Les Symboles, première sérieCharpentier (p. 32-46).


Le Peuple de Dieu


 
Lorsque, au mont Sinaï, le Seigneur notre Dieu,
Invisible parmi les tourbillons du feu,
De cette voix qui fait tressaillir les abîmes
Eut promulgué les dix commandements sublimés
Qui sont comme le cœur et l’âme de la Loi,
Israël fut longtemps anéanti d’effroi.
La montagne tremblait.
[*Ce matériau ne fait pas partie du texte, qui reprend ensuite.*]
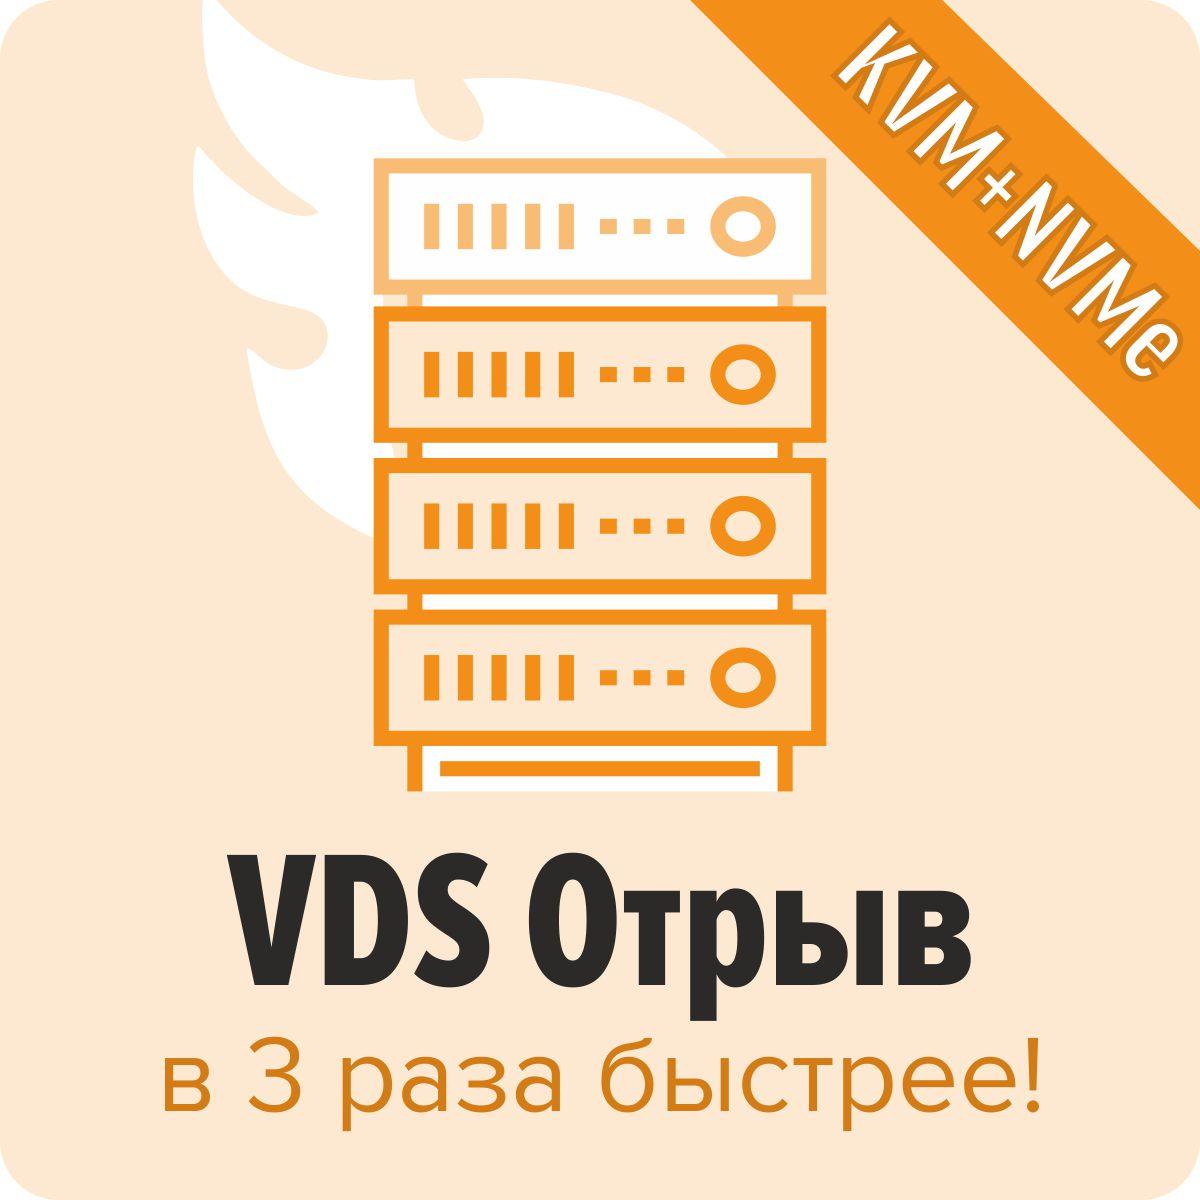 VDS Отрыв (KVM, NVMe, 4 Core, 4Gb RAM, 60Gb NVMe)

Une rouge fumée
Sortait abondamment de la cime enflammée ;
Et, par brusques éclats, retentissaient encor
Des tonnerres mêlés aux beuglements du cor.
Puis les chefs des tribus relevèrent la tête ;
Ils vinrent à Moïse et lui dirent : « Prophète,
Sois le médiateur entre Israël et Dieu.
Vois : s’il nous faut rester dans ce terrible lieu,

Nous craignons d’être tous dévorés par les flammes,
Et la voix du Seigneur épouvante nos âmes.
Mais toi, parle à ton Dieu, maître ; et nous t’attendrons
Prosternés et touchant la terre de nos fronts. »
Moïse répondit : « Retournez à vos tentes. »
Et le prophète, au bruit des trompes éclatantes
Qui faisaient retentir le vaste Sinaï,
Seul, gravit la montagne où trône Adonaï.
Le sol brûlant gardait de profondes empreintes
De ses pieds égarés dans les ténèbres saintes.
Brisé de lassitude et le cœur anxieux,
Car le Seigneur allait flamboyer à ses yeux,
Il atteignit enfin la cime rayonnante.
Pâle, il vit Jéhova dans sa gloire tonnante ;
Et, comme le vieillard chancelait ébloui,
L’Éternel Dieu parla face à face avec lui.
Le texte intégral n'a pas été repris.